Armani
detta le regole della nuova eleganza maschile
MILANO,
30.06.05 - Regola numero uno: considerare sempre
la propria eta', evitare di cadere nel grottesco
o nell'effetto baraccone, facendo sempre un esame
feroce di se'.
E'
la prima norma del breviario di eleganza stilato
da Giorgio Armani al termine della sfilata della
sua prima linea, un'antologia dei suoi grandi classici
degli ultimi 30 anni, rivisti alla luce di oggi,
battezzata 'Armania'.
Agli
uomini, lo stilista in seconda battuta consiglia
di ''evitare i colori, che si possono usare solo
al mare, quando si e' abbronzati, magari per il
costume, il pareo o la T-shirt''. Lui, per esempio,
ogni tanto prova a cambiare, a mettere una camicia
rossa anziche' la solita T-shirt blu, ma - confessa
- quando si guarda allo specchio proprio non ce
la fa e allora, se proprio sente di voler cambiare
qualcosa, magari si mette un braccialetto con una
perla al polso, come ha fatto oggi. Essere eleganti
vuole dire anche - recita la regola numero tre -
''non avere il complesso del proprio stato sociale:
il ricco non deve mica sempre vestire da ricco,
anzi, quando fa il turista deve abbigliarsi in modo
appropriato, per passare per uno qualunque''.
Ovviamente, poi, bisogna ''evitare cio' che non
dona''.
La
vera eleganza, si sa, e' fatta soprattutto di stile
e quindi Armani suggella il suo breviario con questa
quinta regola: ''Non poter rinunciare al fatto
di non voler apparire come un oggetto nelle mani
di qualche stilista''. Per un uomo che voglia
seguire o gia' applichi queste regole, ecco in passerella
la nuova collezione 'Armania' che ''per me - spiega
lo stilista - significa recuperare tutti i miei
amori, cio' che mi ha fatto conoscere nel mondo
e cio' che gli altri si aspettano da me''. Anche
perche', ''pensiamo che l'uomo abbia bisogno di
essere scioccato, invece ama certe cose e le vuole
trovare, non vuole essere tradito''. Nel recupero
dei suoi grandi must, a partire dalla giacca, di
cui in sfilata si sono visti almeno 15 modelli,
dal doppiopetto morbido e ripreso al blazer di maglia,
molto ha giocato anche ''il fattore copie Armani'',
non nel senso di contraffazione, ''perche' quelle
fanno crescere il valore del marchio'', ma di vere
e proprie ispirazioni ai suoi stilemi d'eleganza.
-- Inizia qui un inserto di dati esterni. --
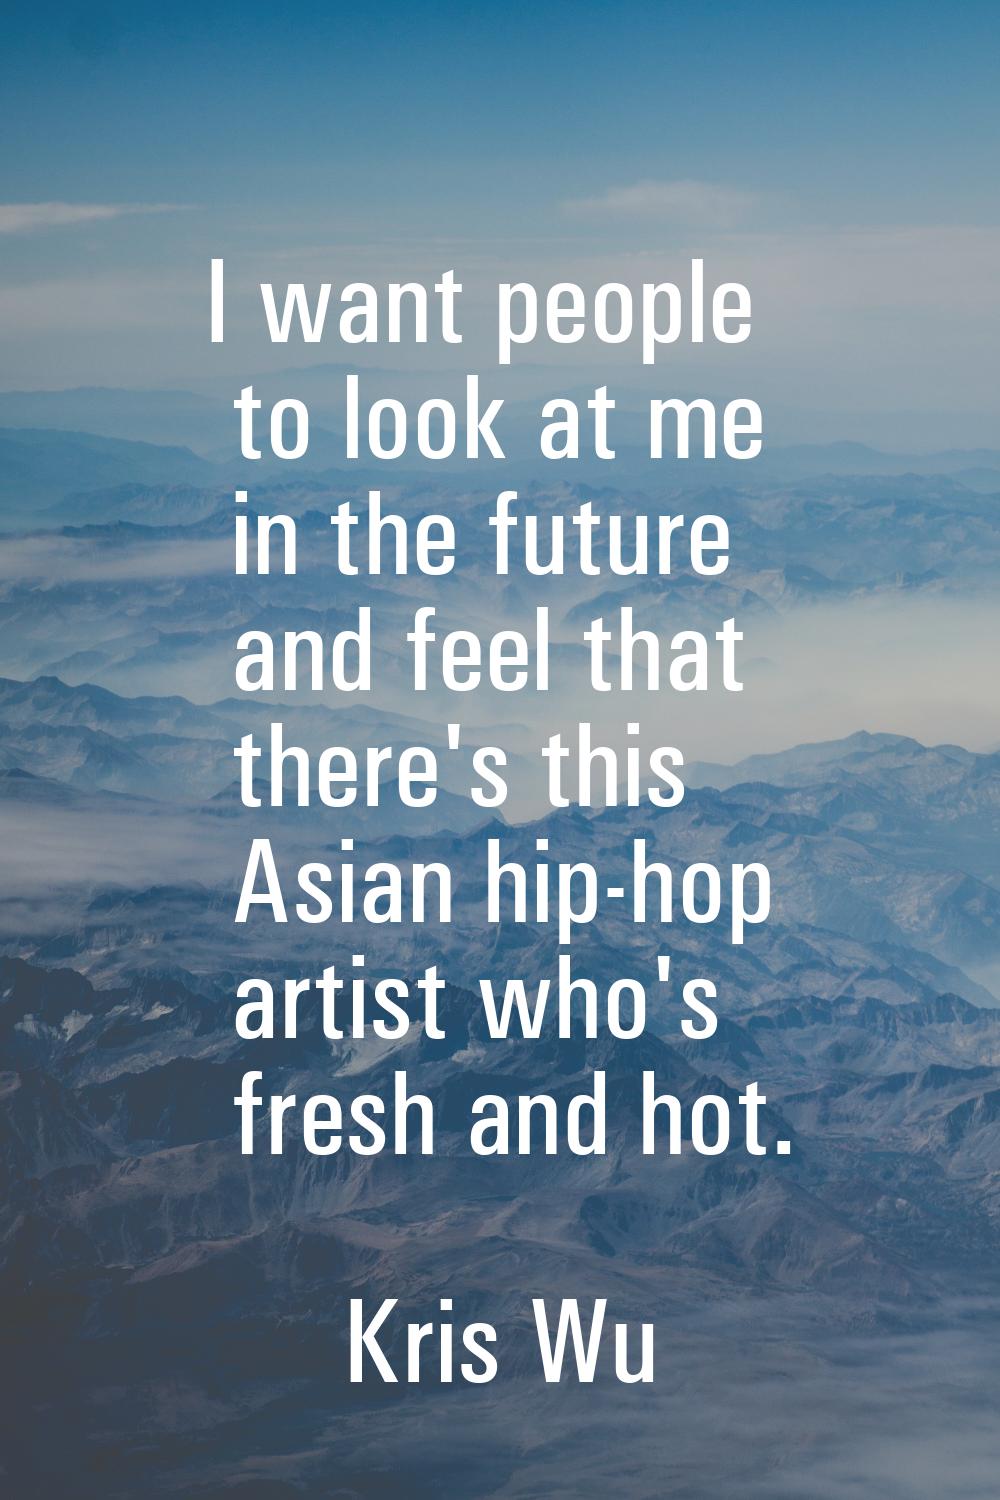 I want people to look at me in the future and feel that there's this Asian hip-hop artist who's fre

Come la passione per gli anni 30, dilagante in quest'ultima
edizione di Milano Moda Uomo: ''E dire che - sottolinea
- sono anche stato criticato per le mie manie culturali,
e ora invece le 'operette' imperversano sulle pedane
milanesi''.
Ben
venga, in ogni caso, perche' ''il ritorno all'eleganza
fa sempre piacere'', e, forse, e' una soddisfazione
sapere che persino per colleghi come Roberto Cavalli
''la moda maschile non puo' prescindere da Armani''.
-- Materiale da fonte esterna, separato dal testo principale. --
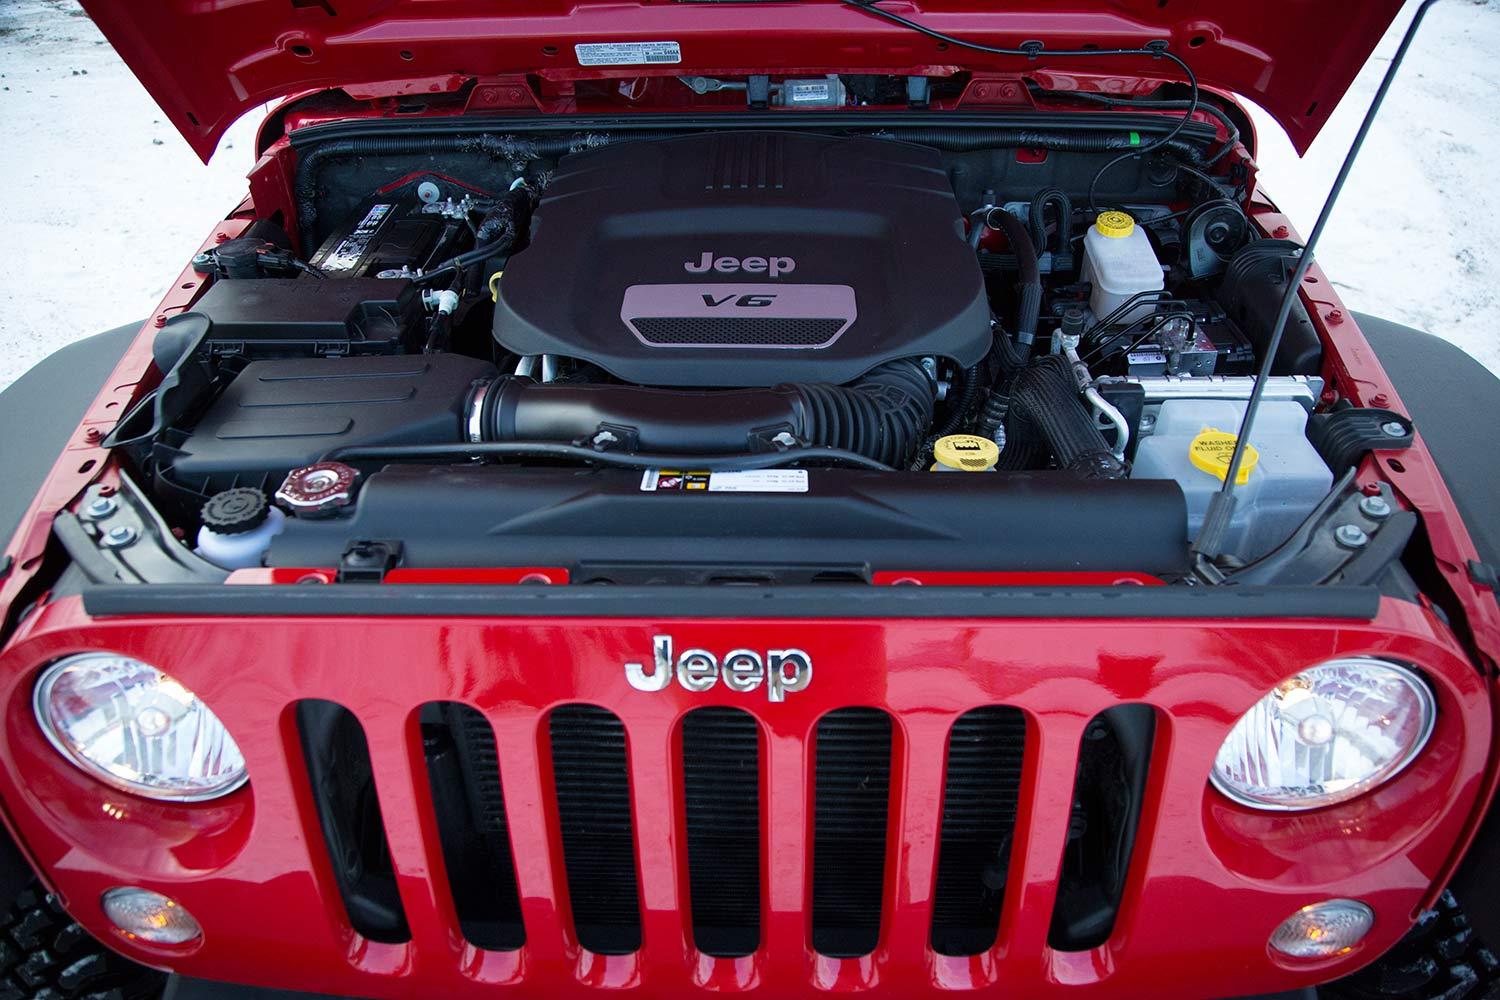 2015 Jeep Wrangler Unlimited review | Digital Trends

Lui, citatissimo a parole e nei fatti, sa che e'
inutile ''calcare la mano per avere una copertina,
trattando la moda maschile in moda ridicolo''. Per
questo, la sua impresa e' di ''inventare l'inventato'',
''rinnovare'' con piccole innovazioni che rispecchiano
i tempi, magari proponendo una camicia senza collo
da portare al posto del pull, sotto la giacca: ''Potrebbe
essere poco accettata a un meeting di lavoro con
Tronchetti Provera, pero' - dice - e' sempre formale,
come mettere polo e giacca scura in pendant con
i pantaloni''.
Certo,
nel caso dell'uomo e' ancora difficile rompere certe
regole ferree, ma forse l'accoppiata 'giacca e cravatta'
non e' piu' l'unica soluzione formale con cui affrontare
qualsiasi situazione: ''Il gessato con dolcevita,
che sta bene a tutti, ormai e' una divisa, dal commerciale
all'art director''. Senza scadere nel grottesco, quindi,
anche l'uomo puo' apportare qualche piccola innovazione
nel suo guardaroba, magari attingendo dalla collezione
'Armania': una giacca accostata al corpo, in maglia,
in jersey, con un 'rollino' a dare compattezza alle
spalle, un blazer a giubbotto, o addirittura a caban,
portati con un paio di pantaloni stretti, che esaltano
la figura, e babbucce orientaleggianti. E persino
camicie in jersey, senza colletto, chiuse da zip,
scollate a V, sotto l'abito piu' formale; e ancora
bluse leggere, da mettere al mare con i pantaloni
stile thailandese.
Piccole innovazioni, come l' uso di collane e spille,
per dar vita a un nuovo concetto di eleganza virile.